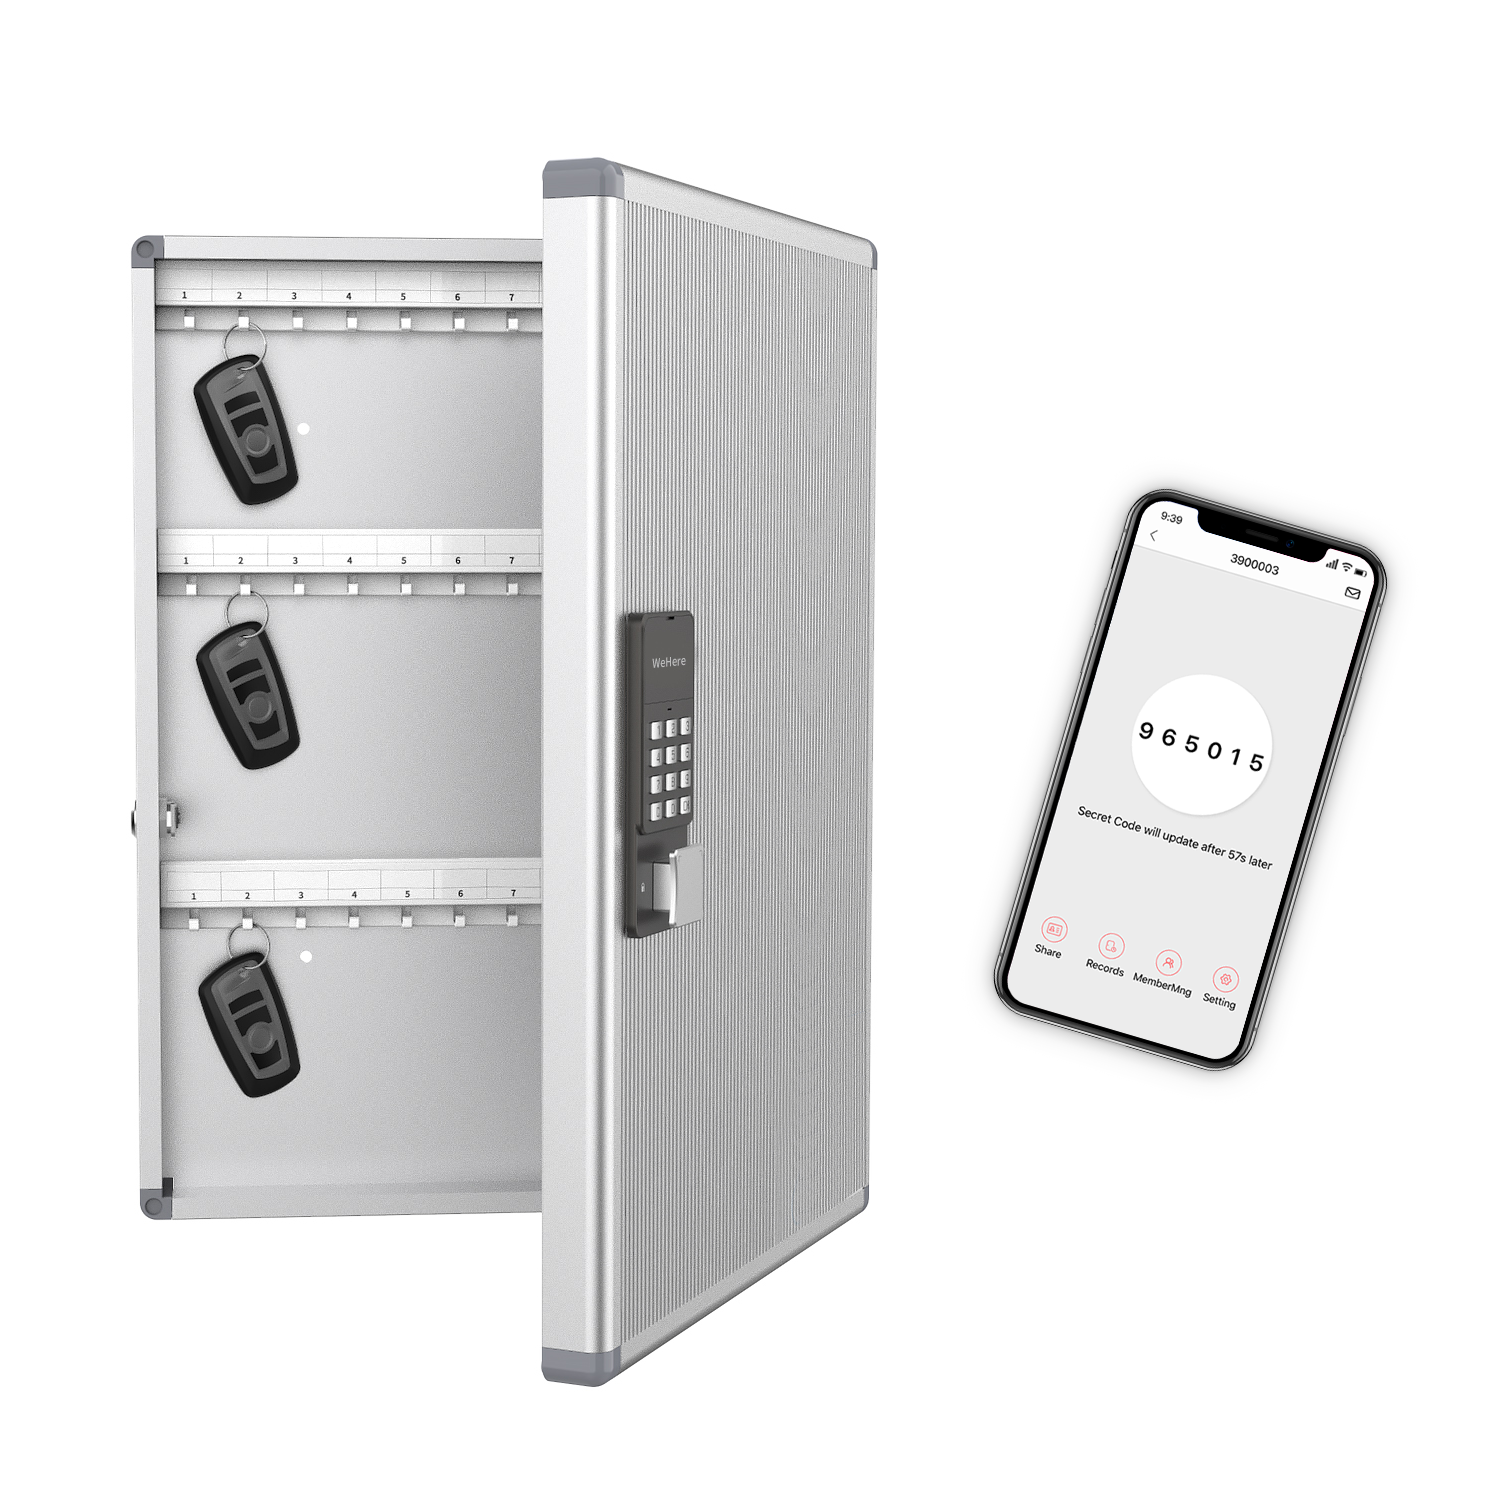 WeHere Smart Key Lock Box with APP;  Key Cabinet Wall Mount use Blutooth;  OTP;  Fixed Code Unlock;  App Generates Codes without Internet; Remote Authorization Great for Office;  School;  Realtors
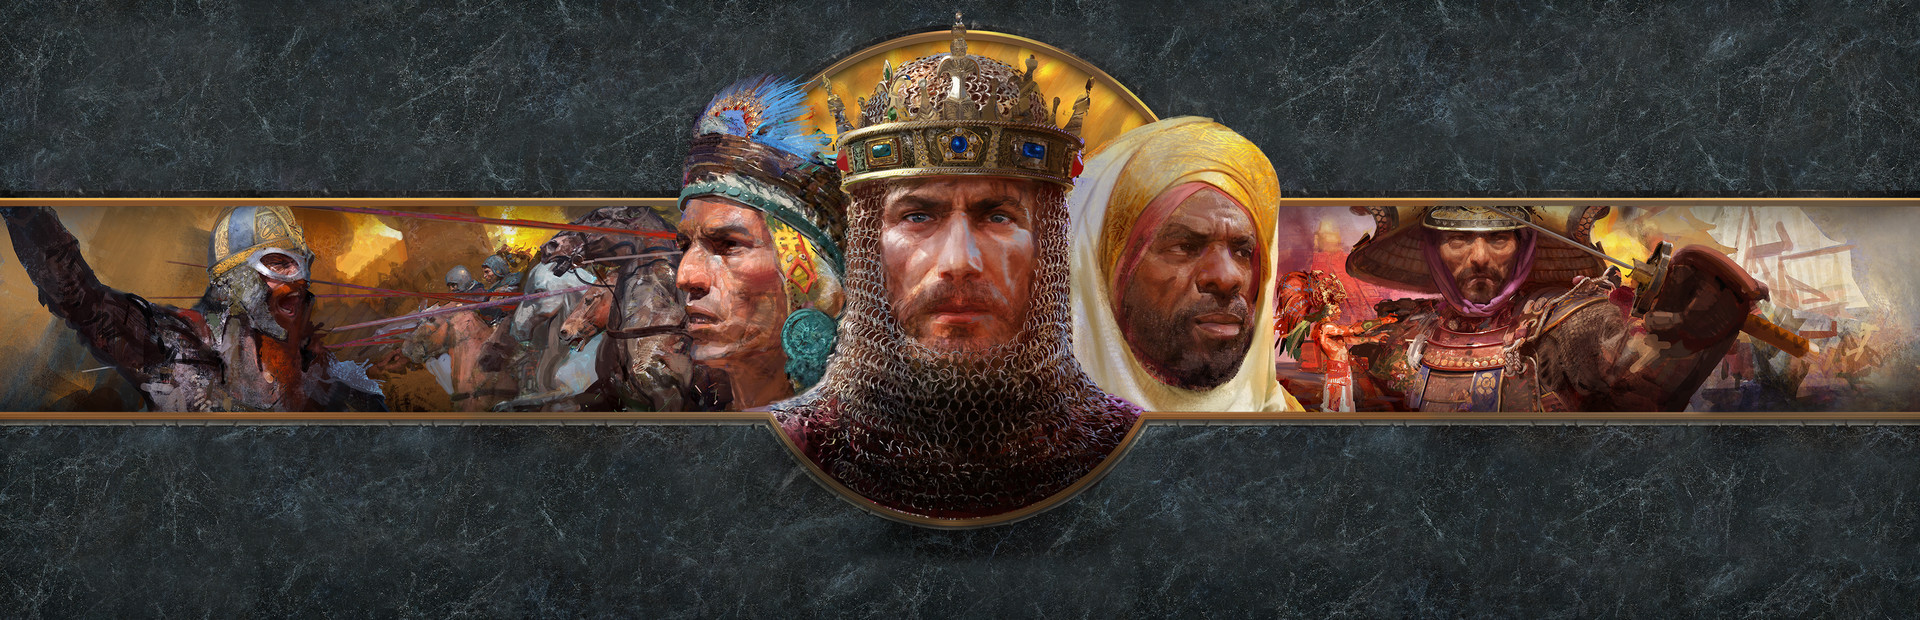 Age of Empires II: Definitive Edition cover image
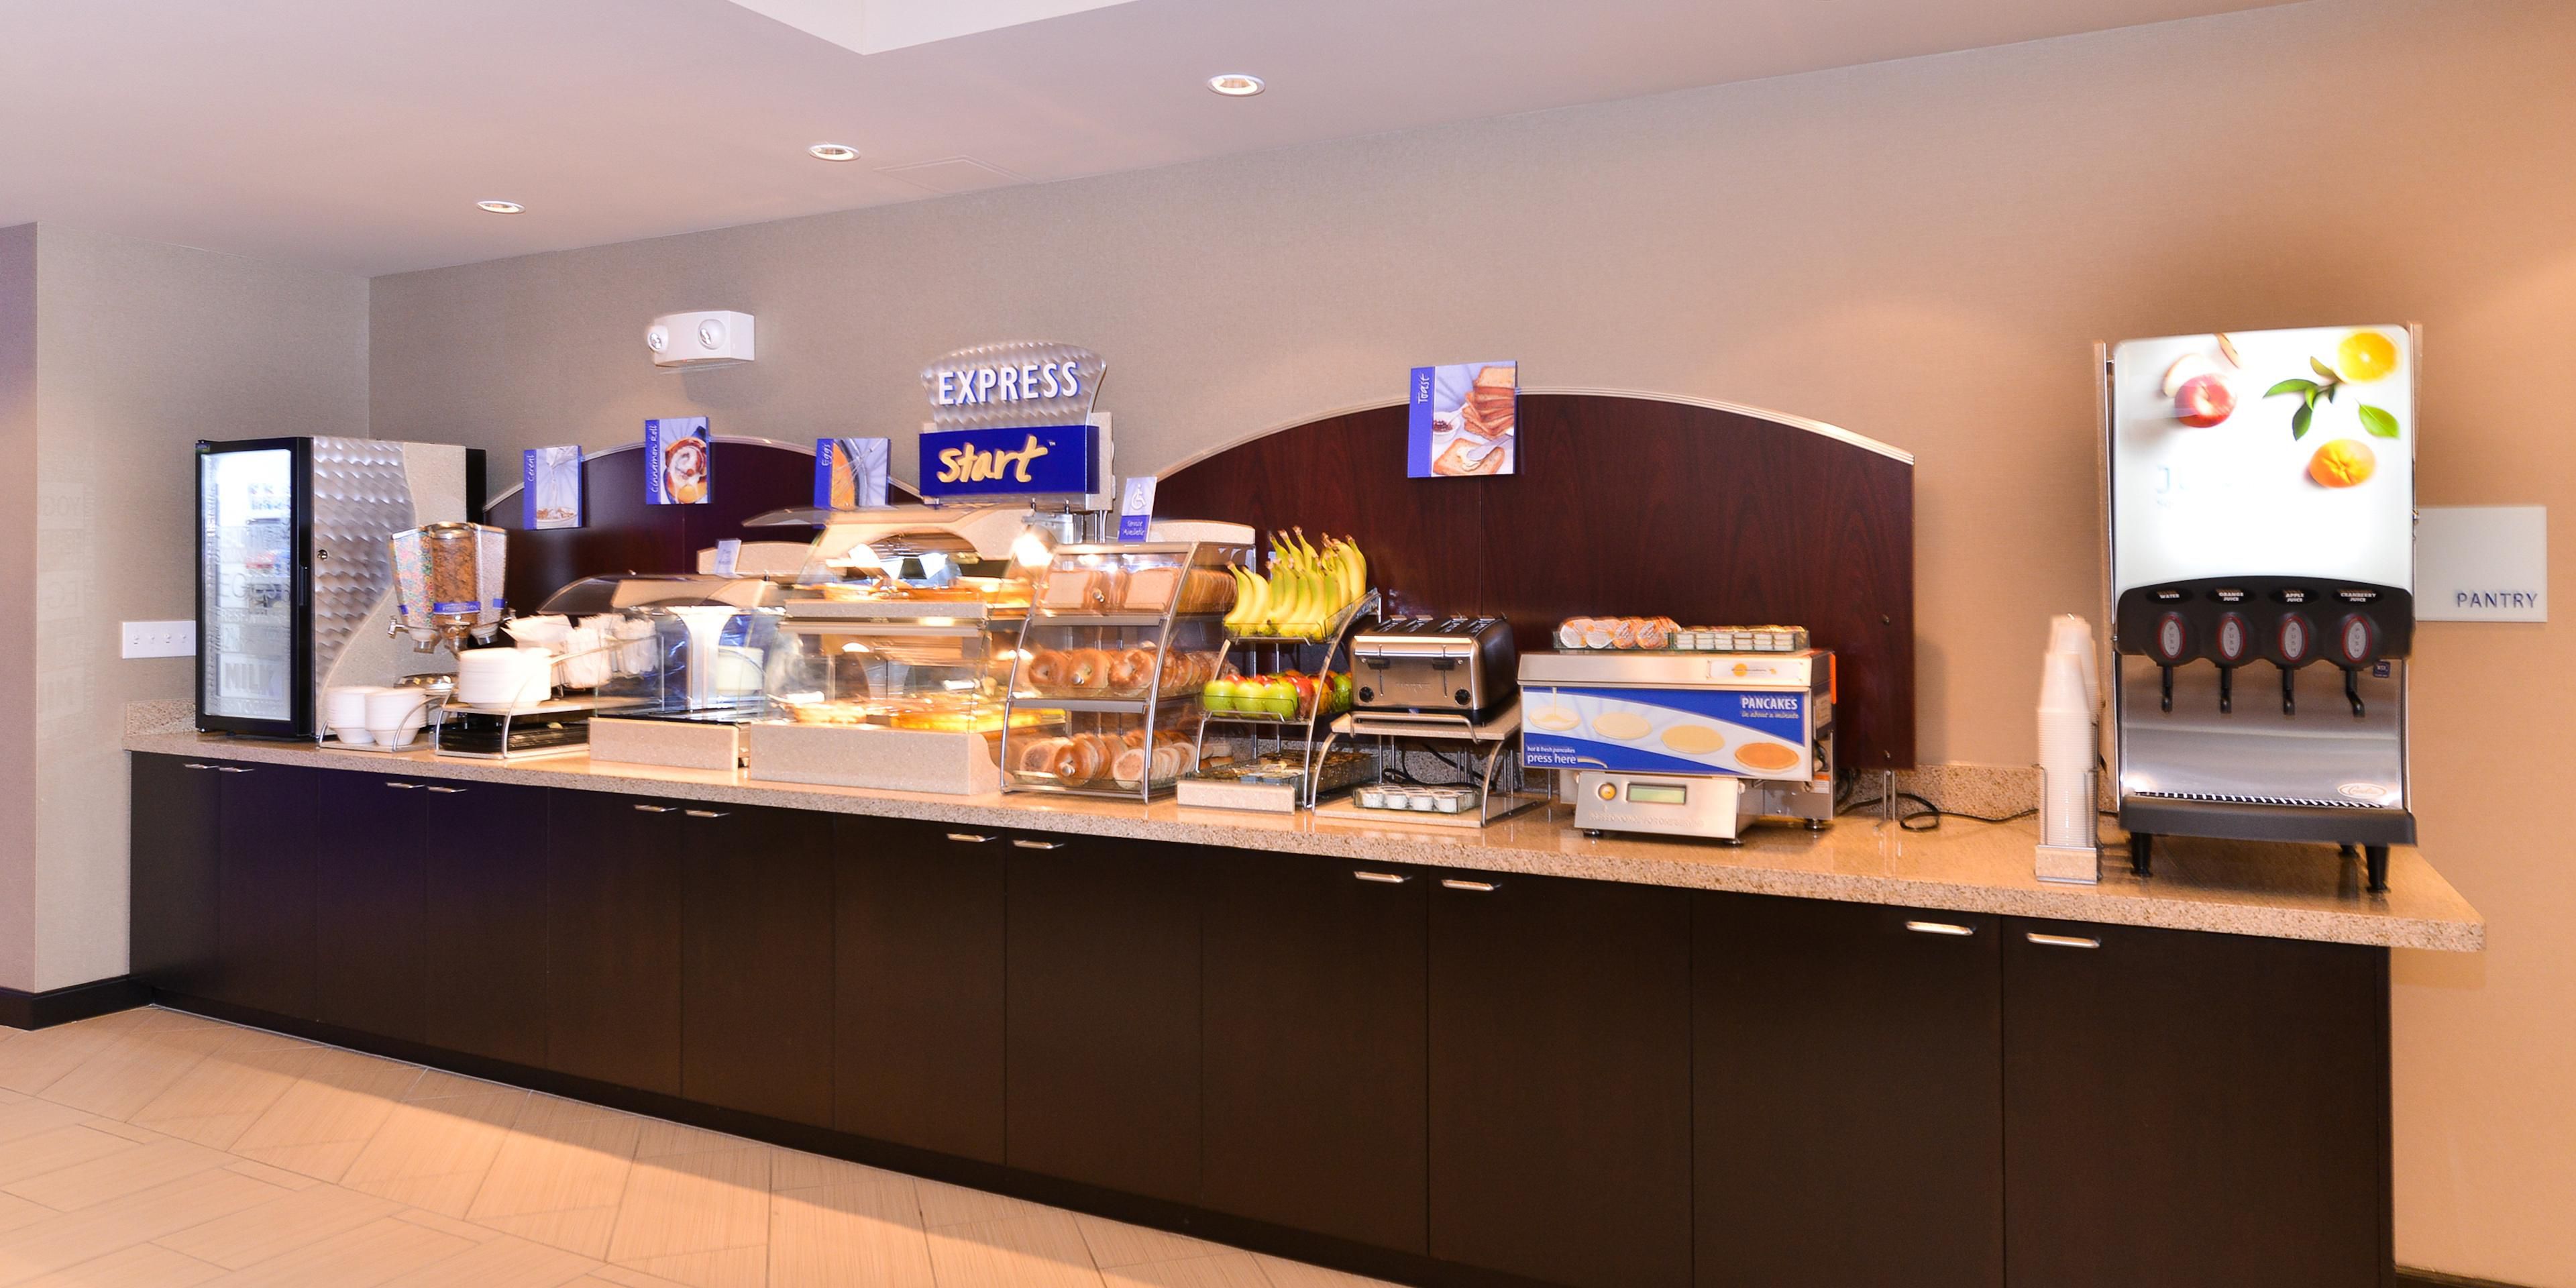 At Holiday Inn Express and Suites Indio we have a complimentary, hot breakfast waiting for you every morning. There's a whole buffet full of offerings sure to please everyone. Our Express Start Breakfast is the perfect way to begin your day.

--------

• [Assignment]: Copy out every line of the material above exactly, skipping the pictures.

• [Solution to this exercise]:
 WeHere Smart Key Lock Box with APP;  Key Cabinet Wall Mount use Blutooth;  OTP;  Fixed Code Unlock;  App Generates Codes without Internet; Remote Authorization Great for Office;  School;  Realtors
 Age of Empires II: Definitive Edition cover image
 At Holiday Inn Express and Suites Indio we have a complimentary, hot breakfast waiting for you every morning. There's a whole buffet full of offerings sure to please everyone. Our Express Start Breakfast is the perfect way to begin your day.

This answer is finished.